OEL^B	Definition	Health Basis	Analytical Feasibility	Economic Feasibility	Engineering Feasibility
ACGIH TLV	Threshold Limit Values (TLVs) refer to airborne concentrations of chemical substances and represent conditions under which it is believed that nearly all workers may be repeatedly exposed, day after day, over a working lifetime, without adverse health effects. TLVs are developed to protect workers who are normal, healthy adults. They are not fine lines between safe and dangerous exposures, nor are they a relative index of toxicology.	Yes	No	No	No
AIHA-OARS^C WEEL	The Workplace Environmental Exposure Levels (WEELs) are health-based airborne chemical OELs established to provide guidance where other OELs are not available. The WEELs provide guidance for protecting most workers from adverse health effects related to occupational chemical exposures. WEELs are expressed as either time weighted averages or ceiling limits.	Yes	No	No	No
DFG MAK	The MAK-values are daily 8-hr time-weighted average values and apply to healthy adults. MAKs give the maximum concentration of a chemical substance in the workplace.	Yes	No	No	No
EC SCOEL	The SCOEL 8-hr time weighted average exposures represent levels to which an employee may be exposed via the airborne route for 8 hr per day, 5 days per week over a working lifetime which will not result in adverse effects on health of the worker or their progeny.	Yes	No	No	No
NIOSH REL	RELs are occupational exposure limits recommended by NIOSH as being protective of worker health and safety over a working lifetime. The REL is used in combination in engineering and work practice controls, exposure and medical monitoring, labeling, posting, worker training, and personal protective equipment. This limit is frequently expressed as a time-weighted average (TWA) for up to a 10-hr workday during a 40-hr workweek.	Yes	Yes	No	Yes
OSHA PEL	OSHA sets enforceable permissible exposure limits (PELs) to protect workers against the health effects of exposure to hazardous substances. PELs are regulatory limits on the amount or concentration of a substance in the air. OSHA PELs are based on an 8-hr time weighted average (TWA) exposure.	Yes	Yes	Yes	Yes

^AFocusing primarily on full-shift time-weighted averages and excluding biological exposure limits and skin notations. Note that the TLVs have traditionally applied a non-probabilistic approach based on non-cancer and cancer endpoints. For OSHA, probabilistic approaches have been more common. PEL development has focuse/d more on carcinogens, and chemicals with large epidemiology databases. Some organizations such as the MAK Commission and NIOSH have historically not set quantitative limits for carcinogens but have provided control-based recommendations. ^BACGIH TLV - American Conference of Governmental Industrial Hygienists (US) Threshold Limit Values; AIHA OARS-WEEL - American Industrial Hygiene Association and Occupational Alliance for Risk Science Workplace Environmental Exposure Levels; NIOSH REL - National Institute for Occupational Safety and Health (US) Recommended Exposure Level; OSHA PEL - Occupational Safety and Health Administration (US) Permissible Exposure Level; DFG MAK - Deutsche Forschungsgemeinschaft (German Research Foundation) Maximale Arbeitsplatz-konzentrationen (Maximum Airborne Concentration); EC SCOEL - European Commission Scientific Committee on Occupational Exposure Limit Values.^CThe WEELs were originally developed and published as a committee under the auspices of the American Industrial Hygiene Association. In 2013 The AIHA signed an agreement to transfer the updating and development of new WEEL values to Toxicology Excellence for Risk Assessment under the Occupational Alliance for Risk Science.

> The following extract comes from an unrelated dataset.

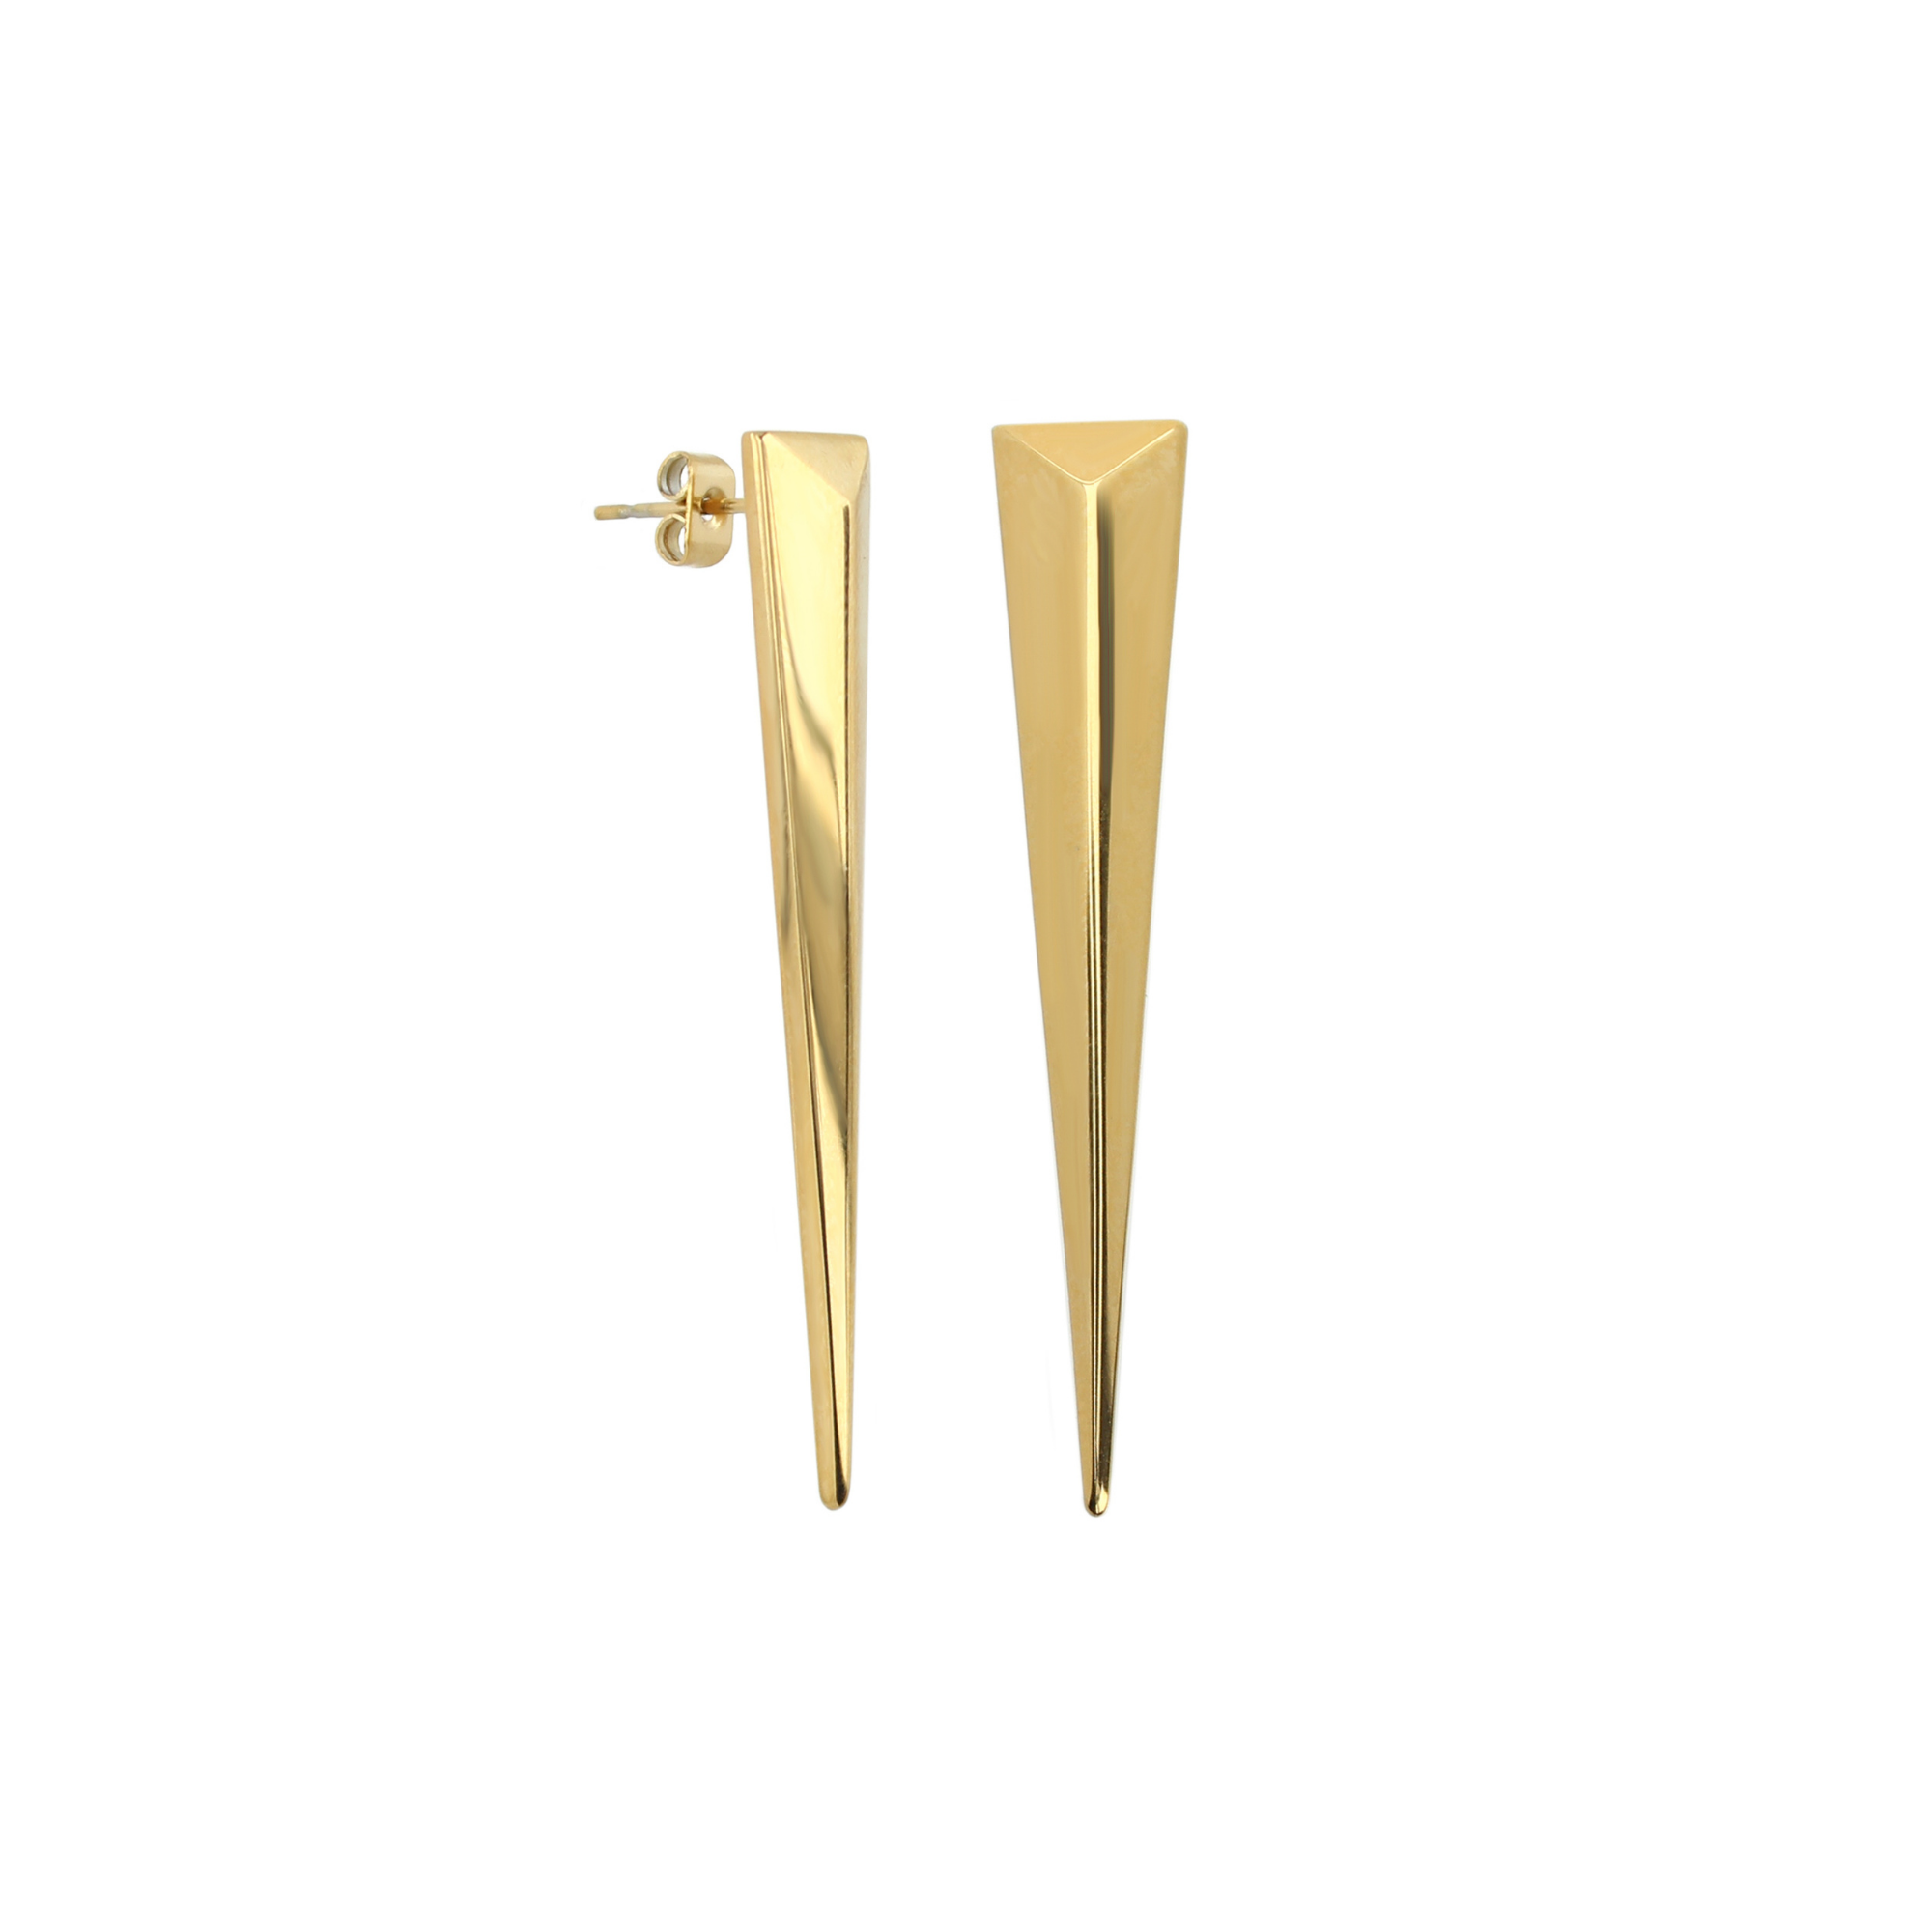 V-shaped Earring Non-tarnish 18K Gold Plated Earring Dainty V -  UK

Figure 1 Sources of uncertainty and variability in occupational exposure limit derivation.

Figure 2 Sources of uncertainty in exposure estimation.

Table 2 Exposure Assessment Cases in Which Probabilistic Uncertainty Analyses are Useful (modified from Cullen and Frey⁽¹⁵⁾)

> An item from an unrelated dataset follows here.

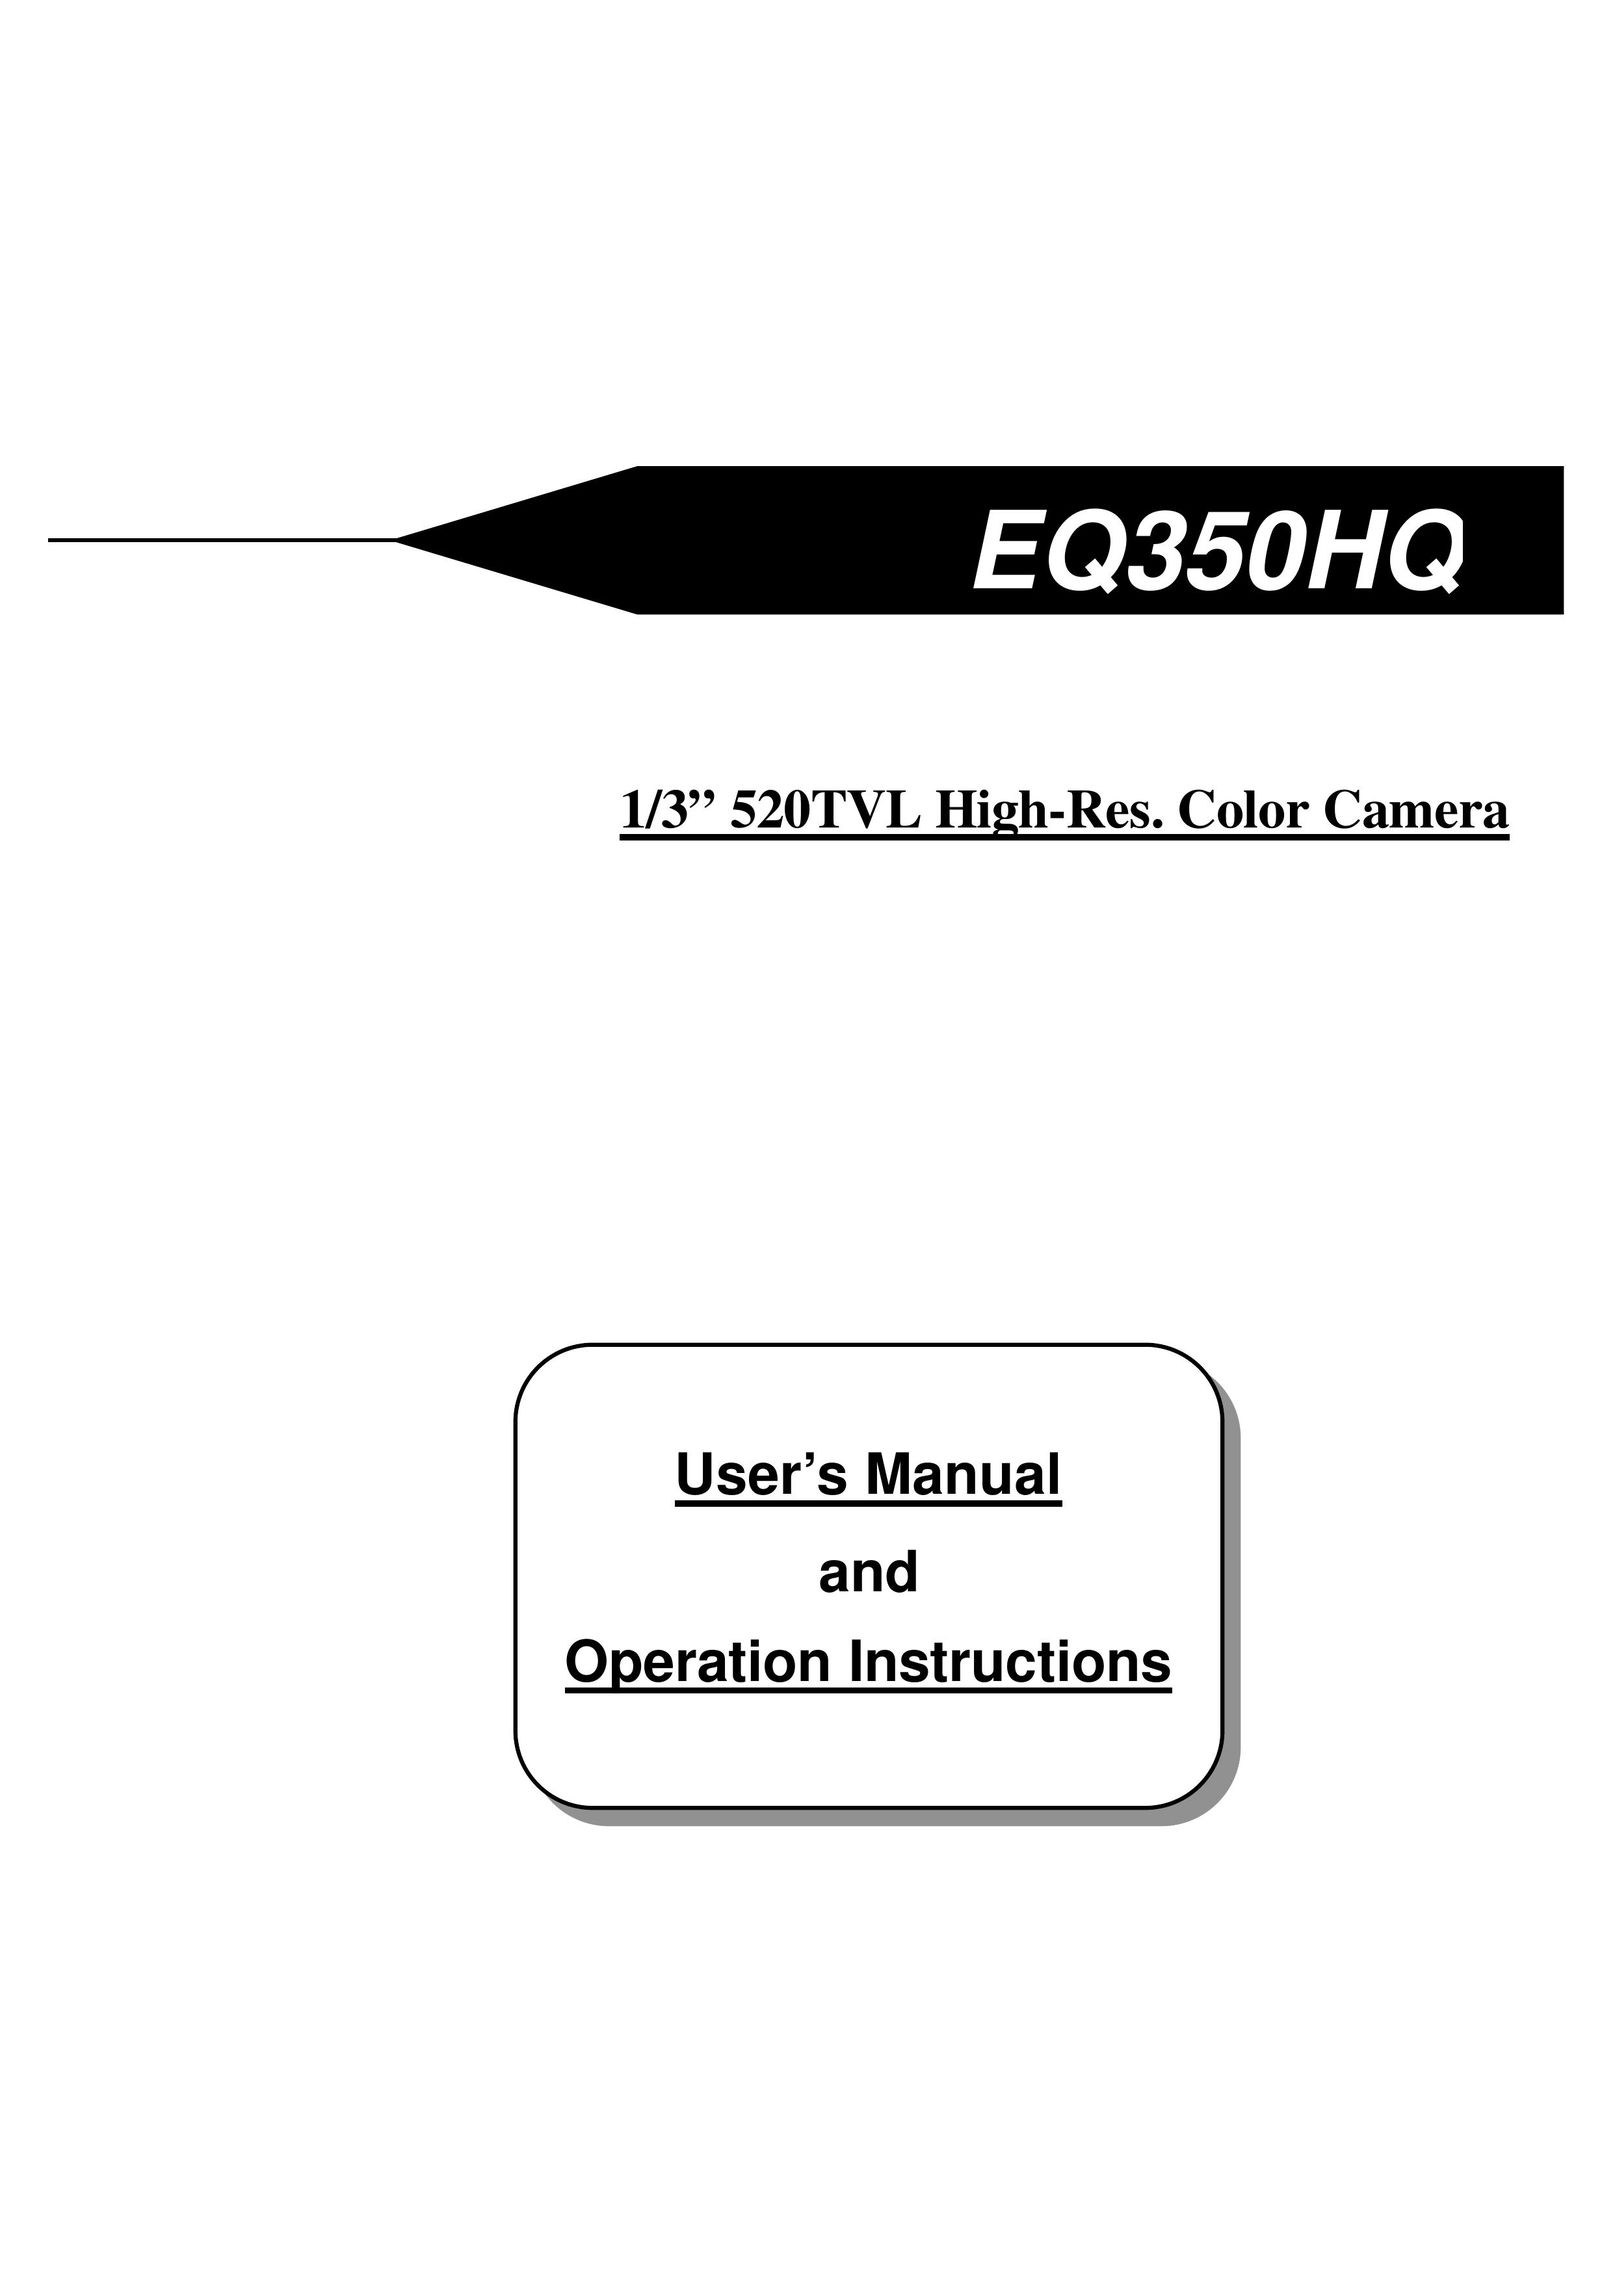 EverFocus EQ350HQ Board Games User Manual

• When consequences of poor or biased exposure estimates are unacceptably high.

• When screening exposure estimates indicate potential risk, but the estimates have substantial uncertainty.

• When it is uncertain whether the collection of additional samples or information will improve the quality of the decision to be made.

• When uncertain information stems from multiple sources.

• When comparing potential interventions with different costs and differential impacts on workers.

• When ranking or prioritizing exposure levels, exposure groups or exposure agents are important.

• When exposure reduction costs are high.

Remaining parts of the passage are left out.